According to Pigden, Hume’s is-ought gap observation is just a trivial observation about how deductive logic works rather than an indication of a deeper metaphysical truth, namely, that normative propositions aren’t synthetic. We do not believe that the inability to logically derive "X is a hedgehog" from hedgehog-free premises implies a metaphysical divide between "facts" and "hedgehogs." or that it has any deeper metaphysical implications about hedgehogs. The same is true for morality.
Further consider:
X: is a man
X: has a brother/sister
X: X’s brother/sister has a son/daughter
Therefore, it follows that X is…
???
You probably said it follows that “X is an uncle” but if you are an is-ought gap enthusiast you would know that this inference is illicit unless a hidden premise about uncle’s was contained within the argument
Remember the point is that every valid derivation introducing a new term requires an analytic bridge premise one that already contains that term/predicate (or an equivalent). e.g. an “ought” in the case of morality
In the case of the argument above it would be
P1: X is a man
P2: X has a sibling
P3: X’s sibling has a child
P(implicit): The term “uncle” means a man whose sibling has a child
C: Therefore, X is an uncle
The entire point is one of triviality when it comes to entailment, that is, it’s about whether their introduction in a conclusion requires prior appearance in the premises. So the semantic meaning of “hedgehog” or “good” is superfluous to the formal entailment rule. Even if “hedgehog” has a perfect analytic definition, you still need to include that definition or something equivalent as a premise (implicitly or explicitly) before the inference to “X is a hedgehog” or "x is an uncle" can go through.

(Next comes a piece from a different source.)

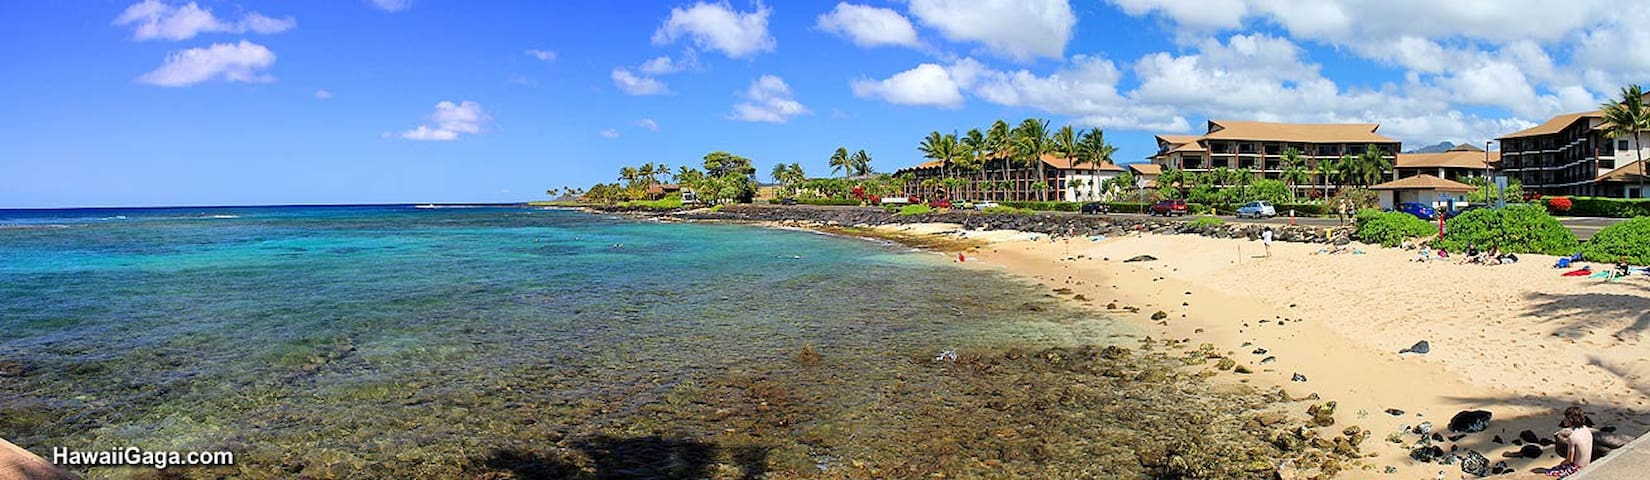 Lawai Beach Resort, 1 bdrm, Fully Furnished Condo - Koloa - Multipropietat (timeshare)

Logic is Conservative. In a deductively valid argument, you cannot get out what you didn't put in. Logic doesn't know what a "hedgehog" is; it only knows symbols.
If your premises are about A, B, and C.
And your conclusion is about D.
The argument is invalid. It doesn't matter if D is "Moral Goodness" or "Hedgehogs" or "Batman." If the term wasn't in the premises, it cannot appear in the conclusion without a bridge.
The existence of the gap, then, cannot be used as evidence that moral facts are suspicious. If the gap prevented moral realism, it would also have to prevent "biological realism" or "hedgehog realism." (Yes, these are silly terms, but you get the point being made). Since we accept that biological facts are real despite the logical gap, we must accept that moral facts could be real despite the logical gap.